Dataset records
=-=-=
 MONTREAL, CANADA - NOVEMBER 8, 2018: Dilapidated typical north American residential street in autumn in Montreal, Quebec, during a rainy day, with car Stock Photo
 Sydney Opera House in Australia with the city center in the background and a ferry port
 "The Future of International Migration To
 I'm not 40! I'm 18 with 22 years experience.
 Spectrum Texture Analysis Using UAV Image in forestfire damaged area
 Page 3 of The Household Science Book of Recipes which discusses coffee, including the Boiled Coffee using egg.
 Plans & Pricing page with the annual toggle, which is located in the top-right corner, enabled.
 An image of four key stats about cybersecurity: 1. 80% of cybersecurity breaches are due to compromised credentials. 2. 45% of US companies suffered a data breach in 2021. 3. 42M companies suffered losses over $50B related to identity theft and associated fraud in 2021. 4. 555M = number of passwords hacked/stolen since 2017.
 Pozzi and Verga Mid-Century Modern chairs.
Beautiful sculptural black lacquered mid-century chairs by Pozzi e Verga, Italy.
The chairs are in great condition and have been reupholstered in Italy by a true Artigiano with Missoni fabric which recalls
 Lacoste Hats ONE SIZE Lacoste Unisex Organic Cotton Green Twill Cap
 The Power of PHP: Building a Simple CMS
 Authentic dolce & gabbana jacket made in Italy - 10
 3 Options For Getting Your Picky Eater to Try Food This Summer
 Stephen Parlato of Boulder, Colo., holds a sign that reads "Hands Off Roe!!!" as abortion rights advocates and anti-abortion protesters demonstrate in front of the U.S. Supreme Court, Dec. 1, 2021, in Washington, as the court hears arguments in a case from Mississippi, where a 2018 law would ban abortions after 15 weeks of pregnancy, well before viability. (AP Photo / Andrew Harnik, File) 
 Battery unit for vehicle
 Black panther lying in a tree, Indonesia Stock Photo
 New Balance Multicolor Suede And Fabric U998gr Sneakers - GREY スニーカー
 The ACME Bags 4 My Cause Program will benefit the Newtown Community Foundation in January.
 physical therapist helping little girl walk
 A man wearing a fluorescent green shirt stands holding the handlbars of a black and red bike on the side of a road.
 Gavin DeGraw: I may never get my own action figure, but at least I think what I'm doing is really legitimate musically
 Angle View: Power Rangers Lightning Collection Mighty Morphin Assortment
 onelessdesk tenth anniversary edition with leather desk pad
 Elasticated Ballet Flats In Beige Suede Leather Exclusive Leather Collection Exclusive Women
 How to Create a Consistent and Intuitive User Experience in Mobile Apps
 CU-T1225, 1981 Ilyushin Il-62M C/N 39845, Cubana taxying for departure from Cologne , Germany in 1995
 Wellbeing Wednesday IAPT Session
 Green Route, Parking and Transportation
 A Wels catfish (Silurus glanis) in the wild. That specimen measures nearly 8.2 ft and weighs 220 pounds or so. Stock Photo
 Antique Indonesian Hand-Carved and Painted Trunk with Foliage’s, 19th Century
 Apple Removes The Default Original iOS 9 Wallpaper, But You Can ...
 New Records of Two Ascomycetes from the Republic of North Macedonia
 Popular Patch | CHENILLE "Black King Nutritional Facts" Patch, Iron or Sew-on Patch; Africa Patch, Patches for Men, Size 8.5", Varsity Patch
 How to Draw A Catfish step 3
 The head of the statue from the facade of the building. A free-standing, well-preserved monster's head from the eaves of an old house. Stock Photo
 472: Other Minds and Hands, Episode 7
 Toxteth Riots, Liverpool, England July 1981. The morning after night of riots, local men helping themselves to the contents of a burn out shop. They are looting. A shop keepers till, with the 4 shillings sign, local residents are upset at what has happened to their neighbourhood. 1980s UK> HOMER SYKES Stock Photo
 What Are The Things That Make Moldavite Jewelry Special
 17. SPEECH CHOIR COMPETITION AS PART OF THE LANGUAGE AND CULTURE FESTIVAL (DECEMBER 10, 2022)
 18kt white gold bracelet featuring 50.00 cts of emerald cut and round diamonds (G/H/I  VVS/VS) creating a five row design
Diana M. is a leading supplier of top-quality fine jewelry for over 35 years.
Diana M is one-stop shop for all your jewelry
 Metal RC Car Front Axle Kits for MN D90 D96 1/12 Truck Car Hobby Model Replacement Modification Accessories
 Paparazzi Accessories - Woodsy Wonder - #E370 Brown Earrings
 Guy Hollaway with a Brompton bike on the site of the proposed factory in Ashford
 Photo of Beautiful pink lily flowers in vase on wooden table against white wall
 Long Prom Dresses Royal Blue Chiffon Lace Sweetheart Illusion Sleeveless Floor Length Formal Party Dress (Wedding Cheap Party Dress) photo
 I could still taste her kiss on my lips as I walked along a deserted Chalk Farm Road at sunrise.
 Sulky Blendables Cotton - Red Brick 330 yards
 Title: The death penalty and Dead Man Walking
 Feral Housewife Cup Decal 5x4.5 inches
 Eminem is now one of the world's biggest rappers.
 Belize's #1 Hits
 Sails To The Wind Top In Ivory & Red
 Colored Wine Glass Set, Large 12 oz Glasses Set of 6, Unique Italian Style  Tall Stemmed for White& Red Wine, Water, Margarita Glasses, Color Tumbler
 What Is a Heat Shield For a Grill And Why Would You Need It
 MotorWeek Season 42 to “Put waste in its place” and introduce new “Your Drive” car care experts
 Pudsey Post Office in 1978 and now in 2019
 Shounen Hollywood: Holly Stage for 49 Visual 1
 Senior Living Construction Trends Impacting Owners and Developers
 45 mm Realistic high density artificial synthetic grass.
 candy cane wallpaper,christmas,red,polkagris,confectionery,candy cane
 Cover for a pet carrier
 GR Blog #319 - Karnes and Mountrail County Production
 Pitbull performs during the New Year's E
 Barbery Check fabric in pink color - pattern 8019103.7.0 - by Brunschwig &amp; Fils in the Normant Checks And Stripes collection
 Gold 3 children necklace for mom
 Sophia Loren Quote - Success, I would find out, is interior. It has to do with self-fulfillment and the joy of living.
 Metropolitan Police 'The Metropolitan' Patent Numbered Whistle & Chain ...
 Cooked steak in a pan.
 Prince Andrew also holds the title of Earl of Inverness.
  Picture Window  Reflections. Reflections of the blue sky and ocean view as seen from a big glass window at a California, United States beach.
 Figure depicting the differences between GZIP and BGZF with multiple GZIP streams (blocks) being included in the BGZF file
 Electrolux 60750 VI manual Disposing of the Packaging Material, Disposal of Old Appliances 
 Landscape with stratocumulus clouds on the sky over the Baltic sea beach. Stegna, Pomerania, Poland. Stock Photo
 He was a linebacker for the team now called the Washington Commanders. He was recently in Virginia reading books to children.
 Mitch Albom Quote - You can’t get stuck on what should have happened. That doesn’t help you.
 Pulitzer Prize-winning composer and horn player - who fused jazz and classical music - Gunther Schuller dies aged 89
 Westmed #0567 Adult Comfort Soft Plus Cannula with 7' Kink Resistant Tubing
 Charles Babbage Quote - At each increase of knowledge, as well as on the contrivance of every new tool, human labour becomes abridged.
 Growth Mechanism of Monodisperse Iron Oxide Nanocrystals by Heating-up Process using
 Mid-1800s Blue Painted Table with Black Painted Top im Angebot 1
=-=-=
Instructions for the task
Return only the part of the records above that opens with the line containing "Title: The death" and closes with the line containing "Shounen Hollywood: Holly", ends included.

Answer box
 Title: The death penalty and Dead Man Walking
 Feral Housewife Cup Decal 5x4.5 inches
 Eminem is now one of the world's biggest rappers.
 Belize's #1 Hits
 Sails To The Wind Top In Ivory & Red
 Colored Wine Glass Set, Large 12 oz Glasses Set of 6, Unique Italian Style  Tall Stemmed for White& Red Wine, Water, Margarita Glasses, Color Tumbler
 What Is a Heat Shield For a Grill And Why Would You Need It
 MotorWeek Season 42 to “Put waste in its place” and introduce new “Your Drive” car care experts
 Pudsey Post Office in 1978 and now in 2019
 Shounen Hollywood: Holly Stage for 49 Visual 1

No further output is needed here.